NEW YORK (CBSNewYork) -- New York doctors recently saved a young boy's life after he was diagnosed with a serious heart defect.

Project Kids Worldwide brought the nine-year-old child from Honduras to New York City for open heart surgery.

Abdi Avisai is from Honduras where he was growing up just fine until he started having trouble playing his beloved sport, soccer. That led to the surprising diagnosis of a hole in his heart.

Doctors in Honduras couldn't repair it, but surgeons at NYU Langone could.

Taking an initial look at the scan of the heart and you would think it was a scan of a fire, not the heart of a young boy. The fiery colors indicate blood flow, but in this case it is flowing in the wrong direction.
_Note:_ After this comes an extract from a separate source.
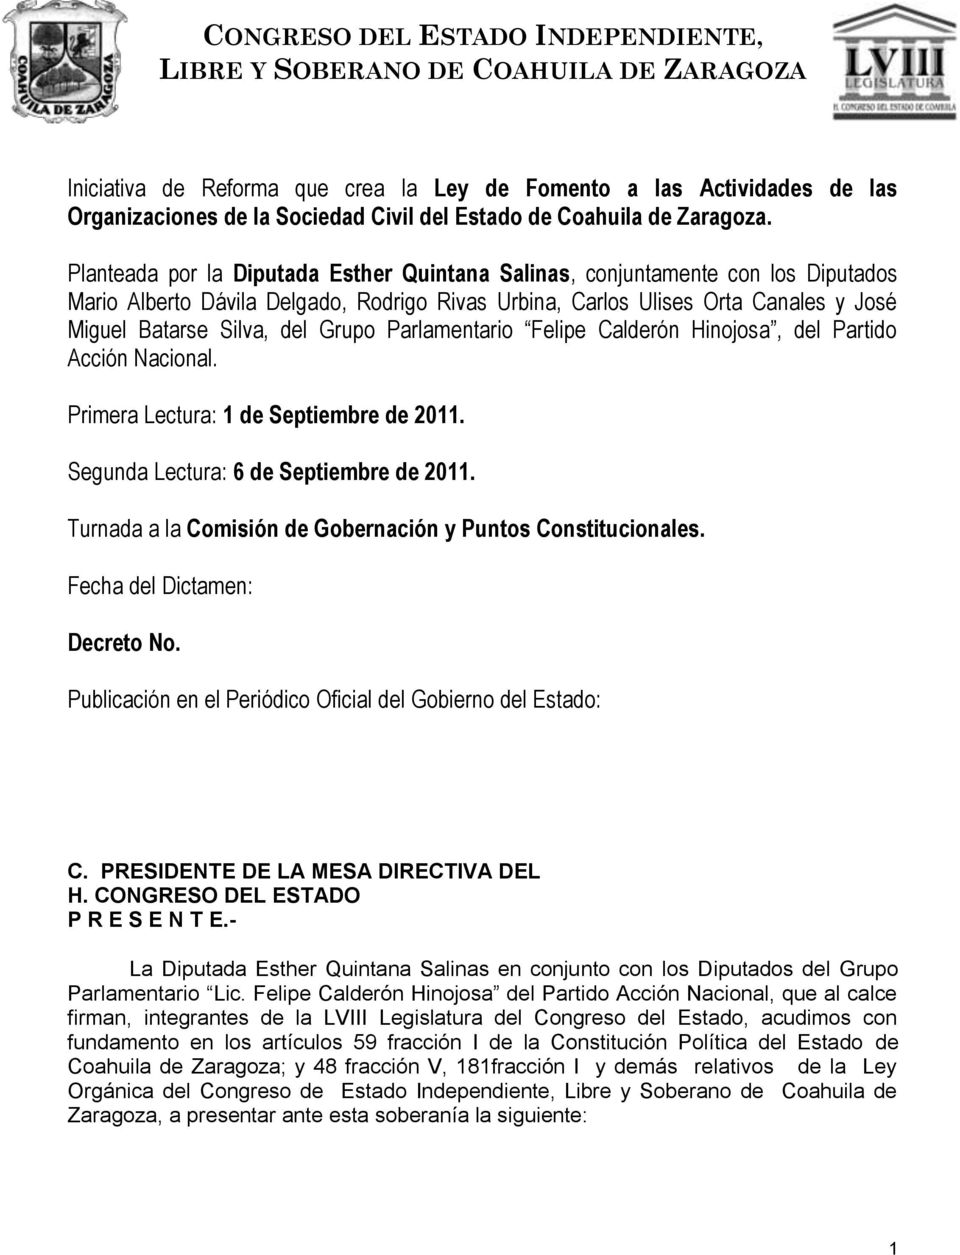 Grupo Parlamentario Felipe Calderón Hinojosa, del Partido Acción Nacional. Primera Lectura: 1 de Septiembre de 2011. Segunda Lectura: 6 de Septiembre de 2011.

That's because there's a hole where a wall should be between the upper heart chambers, the atria.

"The challenge for the heart to deal with volume overload, so it's extra flow to the right side, the right side dilated it can develop arrhythmia's and irregular heart rate and ultimately changes in the lungs and the right sided heart failure," said Dr. Achi Ludomirsky from NYU Langone Health.

Abdi's mother said three years ago doctors in Honduras found a heart murmur while doing a routine checkup, but that until recently, he seemed fine.

She said that Abdi's normally high grades started dropping and that he complained of dizziness and feeling shaky. Abdi also started having memory problems, likely because his brain just wasn't getting enough oxygenated blood.

That's where Project Kids Worldwide stepped in, a non-profit organization founded by the late Dr. Stephen Colvin and continued by his widow, Helane. It brings kids who need life saving heart surgery to the Hassenfeld Children's Hospital at NYU Langone providing and covering visas, transportation, housing, meals and medical and surgical costs.

Dr. Ralph Mosca is the pediatric heart surgeon who donated his services to close the hole in Abdi's heart.

"What we did was, using the bypass machine, close that hole by using some of the tissue from around his hear, the pericardial sac, so we actually fashioned a patch out of it and then sewed it to the edge of the defect," said Mosca.

And just 10 days after his surgery, Abdi is doing beautifully. His chest incision is healing nicely and he's already gaining weight.

Less than a month after his surgery he's back home in Honduras, happy and healthy.

Abdi said this whole experience has made him want to become a doctor. His mom wants to thank NYU and Project Kids Worldwide for giving her son the chance to fulfill that dream.

The patched hole in Abdi's heart will be covered with normal tissue and his heart will grow normally.